▶ [PROBLEM REQUIREMENTS]: Would you give the listing back word for word once its pictures are removed?

▶ [DATASET EXCERPT]:
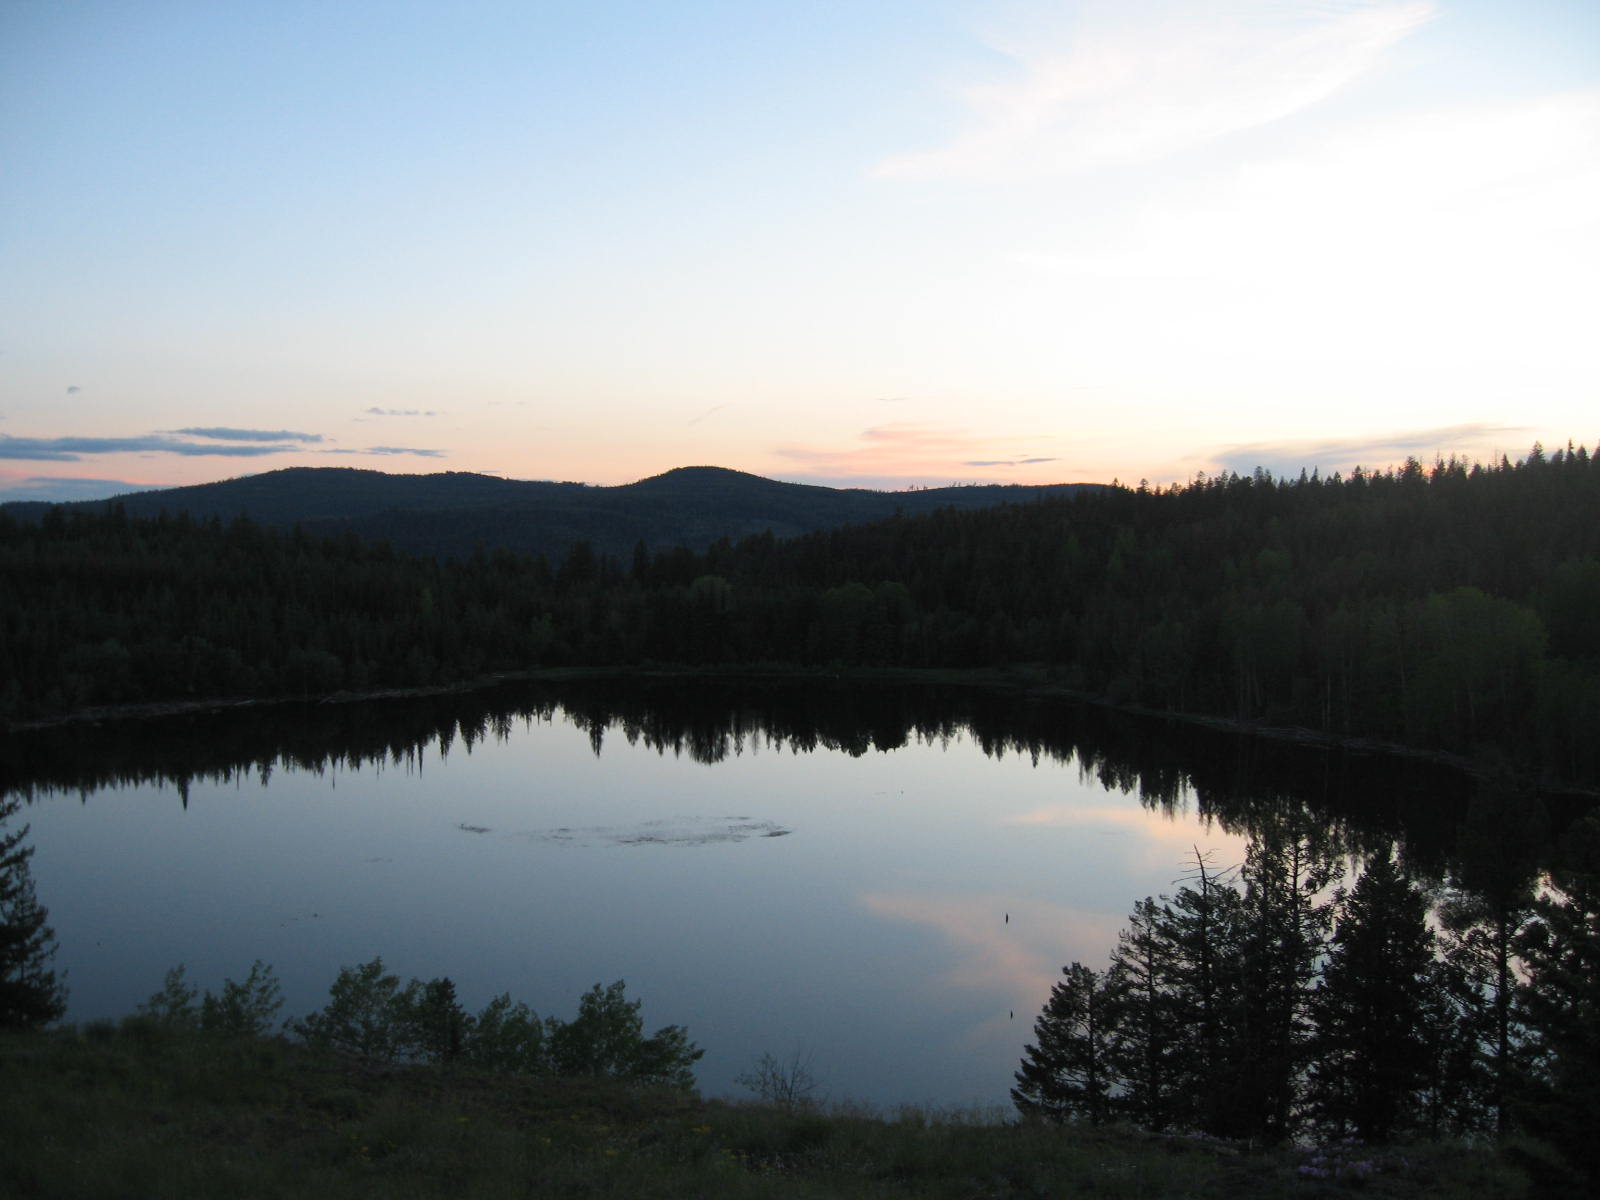 Hayman Lake - Great pic!
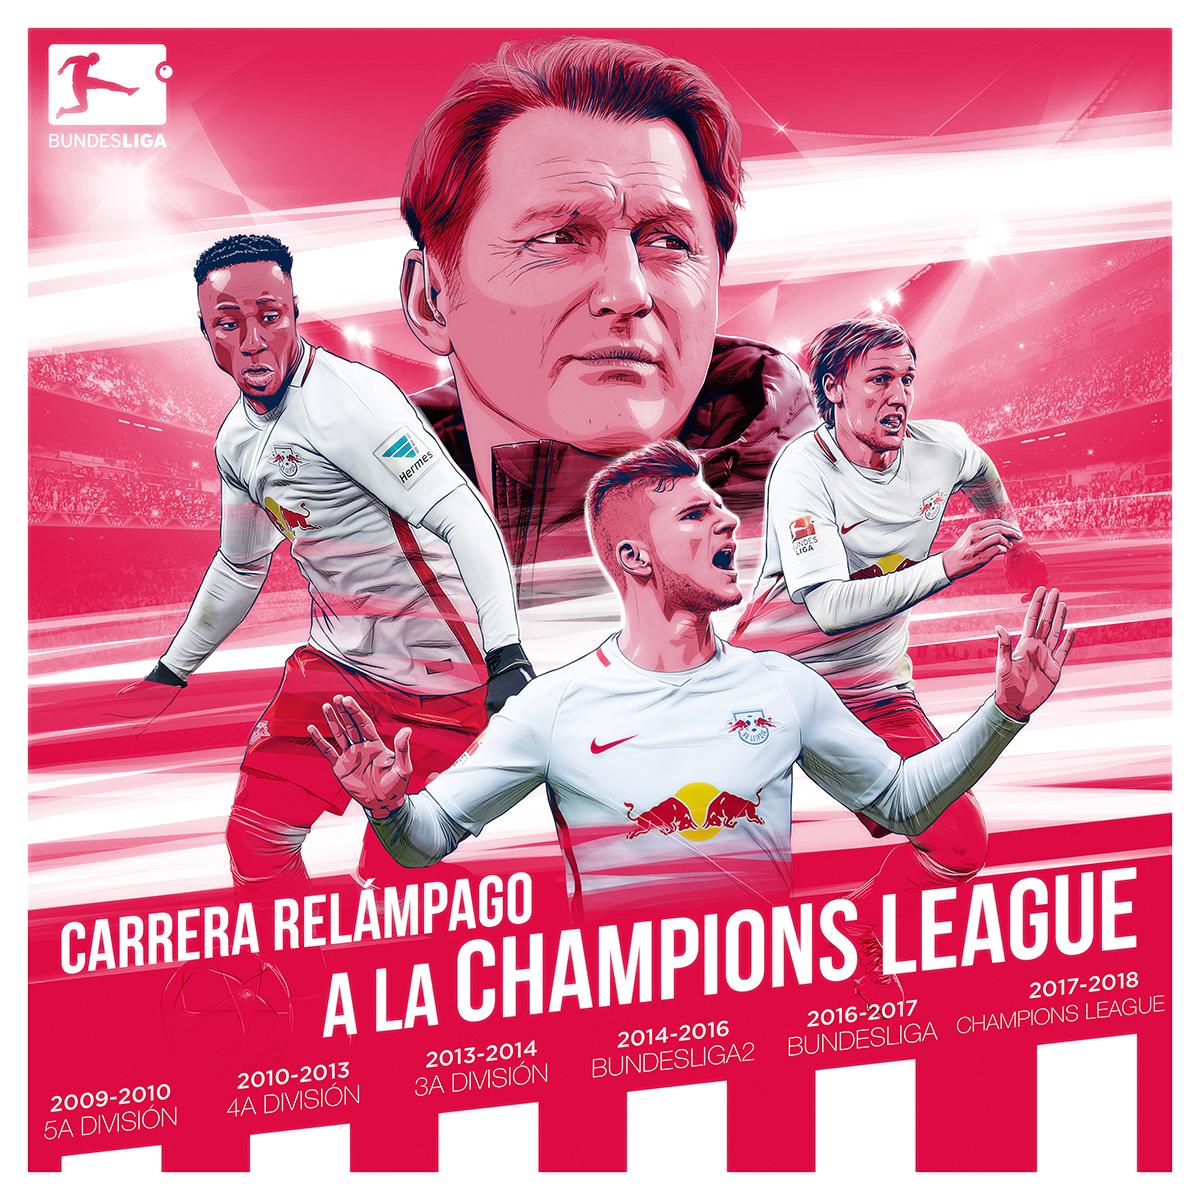 RB_Leipzig_Spanish_final_1200x1200.png
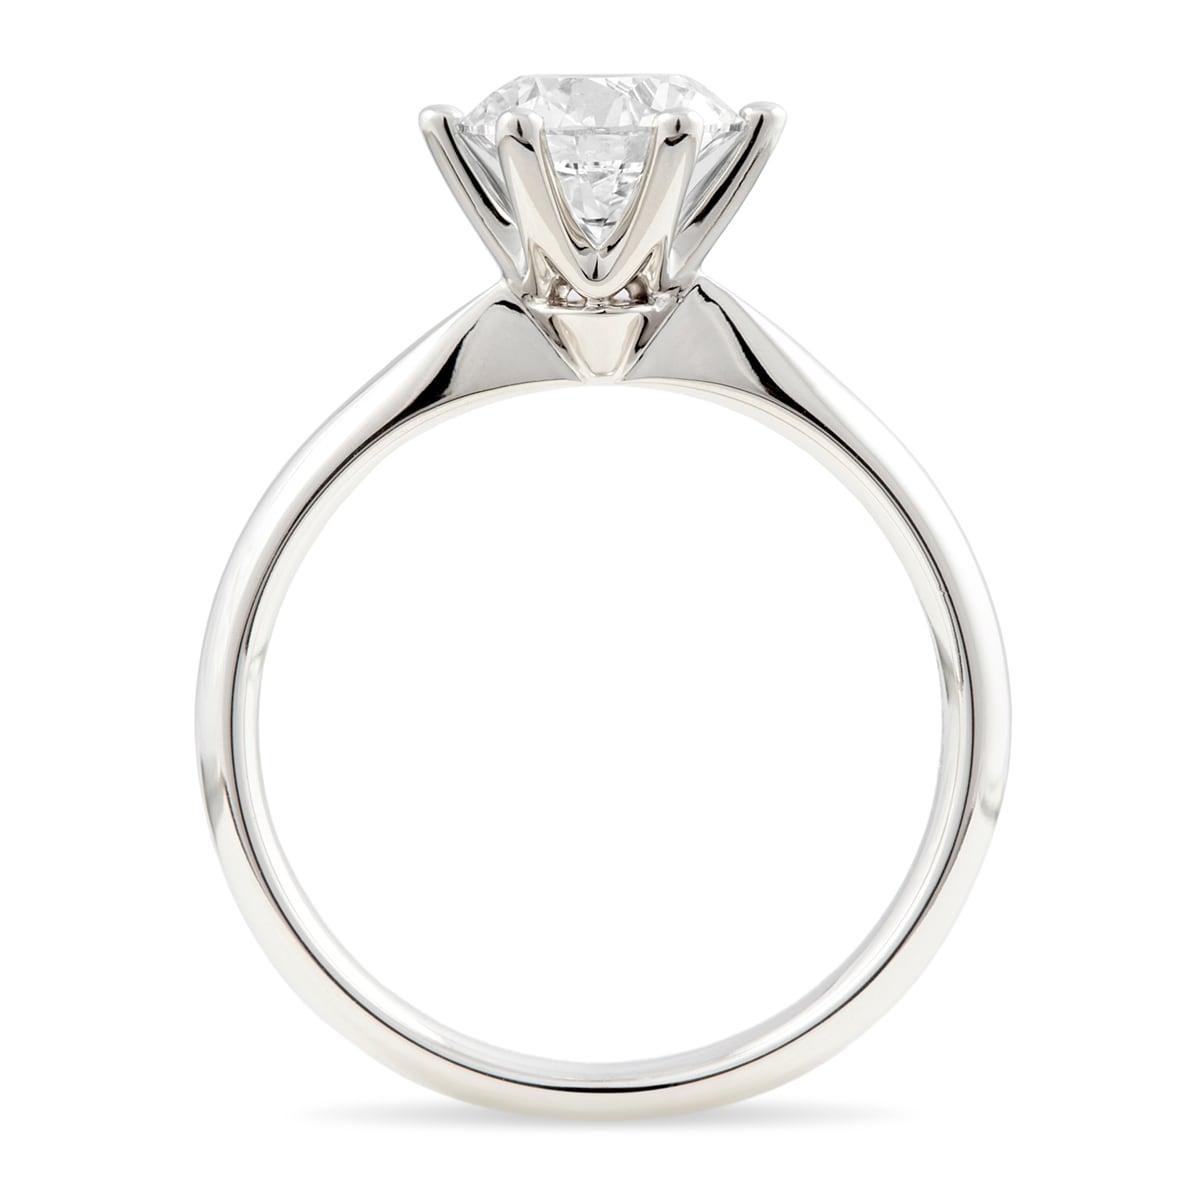 JSS_One_Carat_ring_RG_1,5ct_på_sidan_JS_121116_13129

▶ [THE COMPLETED TASK]:
 Hayman Lake - Great pic!
 RB_Leipzig_Spanish_final_1200x1200.png
 JSS_One_Carat_ring_RG_1,5ct_på_sidan_JS_121116_13129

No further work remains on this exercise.